ProbReview + MLE
- Lecture: S2-MLE
- Version: current
- Please to Read: Error Metrics
- Recorded Videos: M1
- Advanced to Read: S2-MLE
- Extra Notes to Read: MLE / MLE code
Att: the following markdown text was generated from the corresponding powerpoint lecture file automatically. Errors and misformatting, therefore, do exist (a lot!)!
Study Guide: Maximum Likelihood Estimation
Quiz: Key Concepts Review
Answer the following questions in 2-3 sentences each based on the provided course material.
- What is the fundamental goal of Machine Learning as described in the lecture?
- Define “Sample Space” and “Event” in the context of probability theory, and provide an example for each.
- What is the core principle of Maximum Likelihood Estimation (MLE)?
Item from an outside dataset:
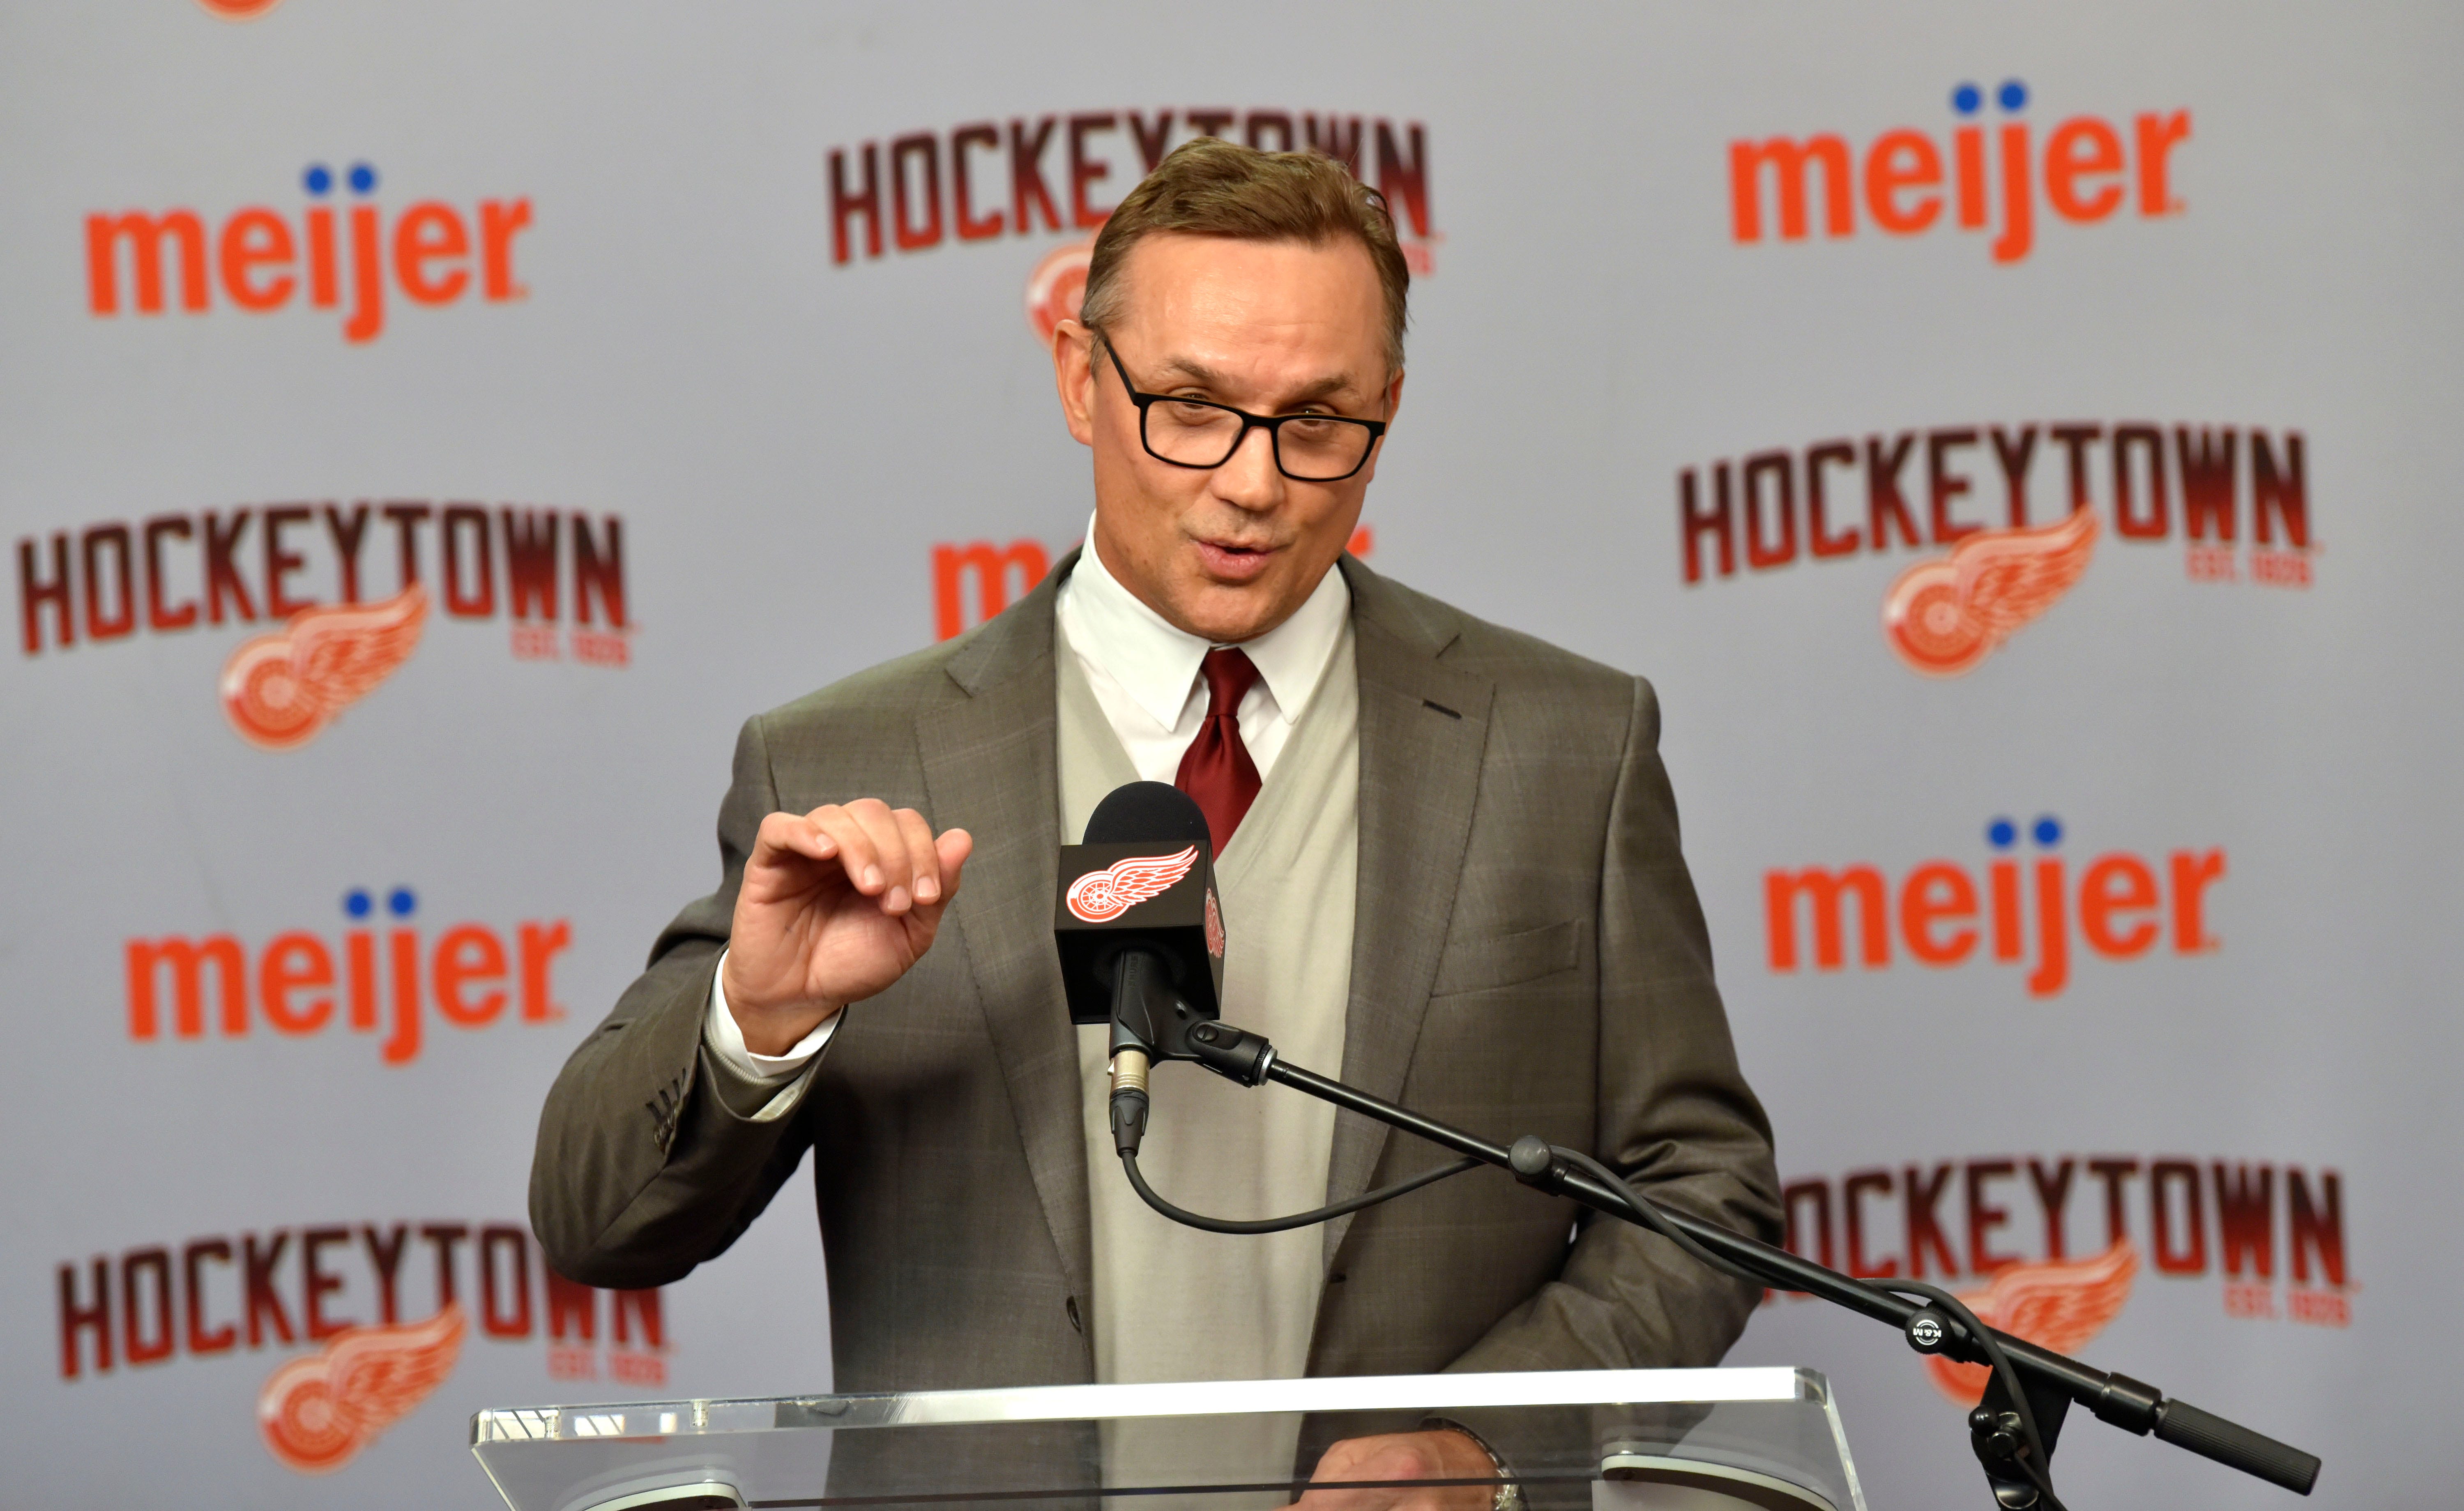 FRONT OFFICE – General manager Steve Yzerman knew he’d have his work cut out for him, and his first season definitely showed it’s going to be a big undertaking to get this organization back to where it was. There were hits (Robby Fabbri, Patrik Nemeth, Alex Biega, drafting Moritz Seider) and misses (Valtteri Filppula, Brendan Perlini, Adam Erne) in Yzerman’s acquisitions, and he appeared to get good hauls for Mike Green and Andreas Athanasiou at the trade deadline. But there’s still so much work ahead. GRADE: C.

- Why is it often more convenient to work with the log-likelihood function instead of the likelihood function itself?
- For a Bernoulli distribution, what is the Maximum Likelihood Estimate for the parameter p (the probability of success)?
- How does a probability density function (pdf) for a continuous random variable differ from a probability mass function (pmf) for a discrete random variable?
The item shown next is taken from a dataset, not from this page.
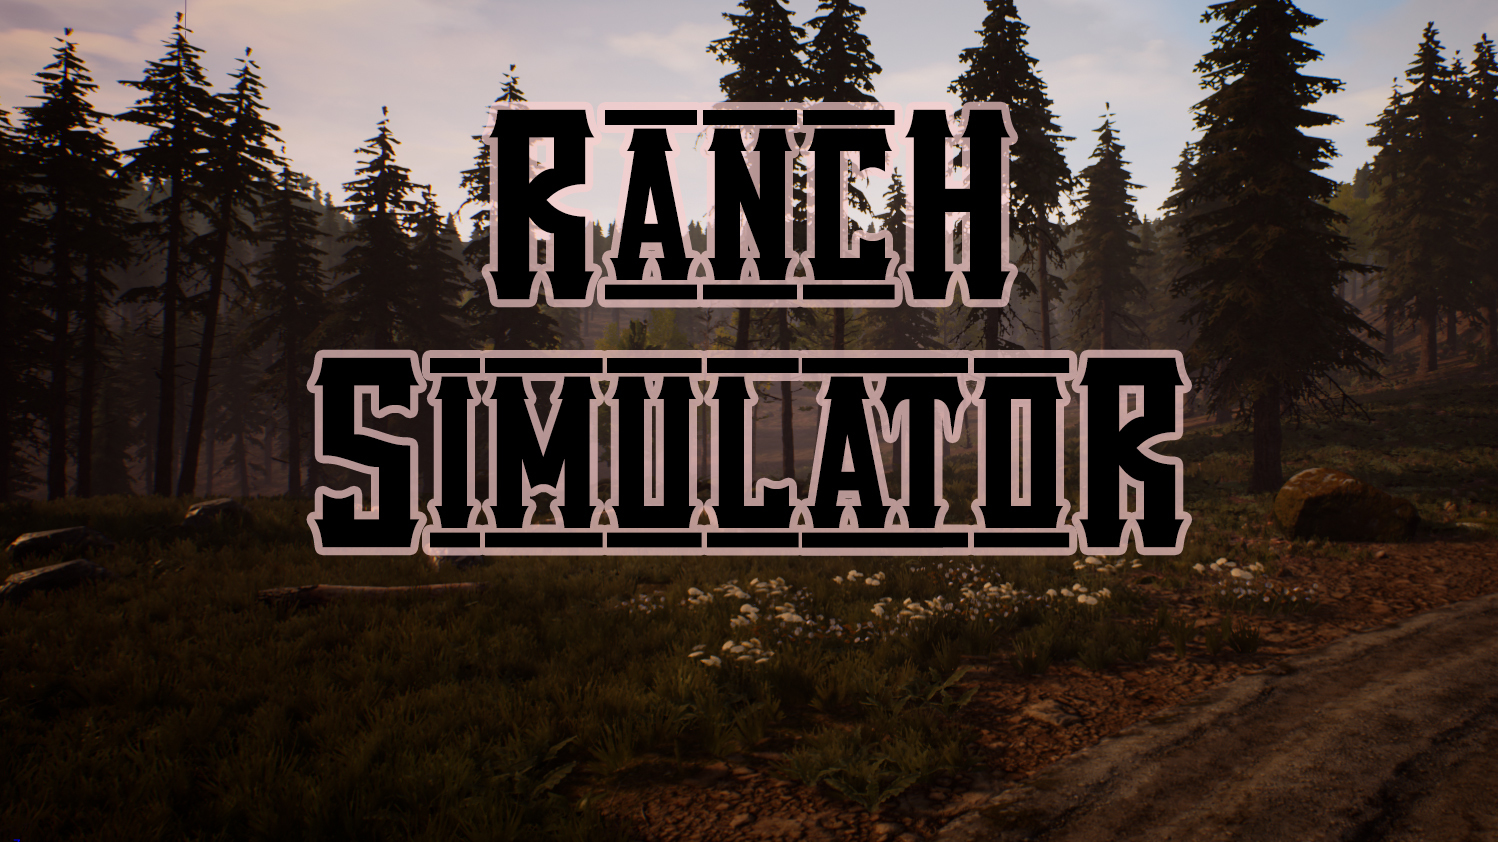 How to download ranch simulator in mobile

- What do the mean and covariance matrix represent in a multivariate normal (Gaussian) distribution?
- What key assumption connects Maximum Likelihood Estimation to the least squares error function in linear regression?
- In the probabilistic interpretation of linear regression, what distribution is the error term (ε) assumed to follow?
- Define the covariance between two random variables, X and Y.
Essay Questions
The following questions are designed for longer-form, essay-style answers to test a deeper synthesis of the material. Answers are not provided.
- 
    Explain the complete process of deriving the Maximum Likelihood Estimate for the parameter p of a Bernoulli distribution. Detail the role of the likelihood and log-likelihood functions, the use of differentiation to find the maximum, and interpret the final result. 
- 
    Describe the relationship between basic probability concepts (sample space, events, random variables) and the task of machine learning. How do these foundational ideas enable the formulation of a model and the application of an estimation technique like MLE? 
- 
    Compare and contrast discrete and continuous random variables. Discuss their respective probability functions (pmf vs. pdf), how their means (expectations) are calculated, and provide an example of each as mentioned in the lecture notes. 
- 
    Discuss the probabilistic interpretation of linear regression. Explain how assuming a Gaussian distribution for the error term allows the problem to be framed as a Maximum Likelihood Estimation task, and show why maximizing the log-likelihood is equivalent to minimizing the sum of squared errors. 
- 
    What are the key properties of a multivariate Gaussian (Normal) distribution? Describe the roles of the mean vector and the covariance matrix, and explain how they influence the shape and orientation of the probability density function, using the bivariate normal distribution as an illustrative example. 
Answer Key
Quiz Answers
- 
    The goal of Machine Learning is to optimize a performance criterion using example data or past experience. The primary aim is to develop models that can generalize their performance to new, unseen data. 
- 
    A Sample Space (O) is the set of all possible outcomes of an experiment, such as {HH, HT, TH, TT} for tossing a coin twice. An Event is a subset of the sample space, such as the event of the first toss being a head, which would be the set {HH, HT}. 
- 
    The principle of Maximum Likelihood Estimation is to select the set of model parameters (θ) that are most likely to have produced the observed data. This is achieved by assuming a particular model and finding the parameter values that maximize the joint probability (the likelihood) of the observed sample set. 
- 
    Working with the log-likelihood function is convenient because it converts the joint probability, which is a product of individual probabilities, into a sum. This transformation from Π P(Zi θ) to Σ log(P(Zi θ)) simplifies the mathematical process of finding the maximum, particularly when taking derivatives. 
- 
    The MLE for the parameter p in a Bernoulli distribution is the sample proportion of positive outcomes. It is calculated as p̂ = x/n, where x is the number of successes (e.g., heads) observed in n trials. 
- 
    A probability mass function (pmf) gives the probability that a discrete random variable is equal to a specific value, P(X = xi). A probability density function (pdf) describes the probability density for a continuous variable, and the actual probability is obtained by taking the integral of the pdf over a given range. 
- 
    In a multivariate normal distribution, the mean vector (μ) is the point where the PDF reaches its peak value. The covariance matrix (Σ) captures the linear dependencies among the variables and determines the shape and orientation of the elliptical contours of equal probability density. 
- 
    The key assumption is that the error term, or residual, in the linear regression model is independent and identically distributed (IID) according to a Gaussian (Normal) distribution with a mean of zero. This assumption makes maximizing the data likelihood equivalent to minimizing the residual sum of squares. 
- 
    In the probabilistic view of linear regression, the error term ε is assumed to follow a Gaussian distribution with a mean of 0 and some variance σ², denoted as N(0, σ). 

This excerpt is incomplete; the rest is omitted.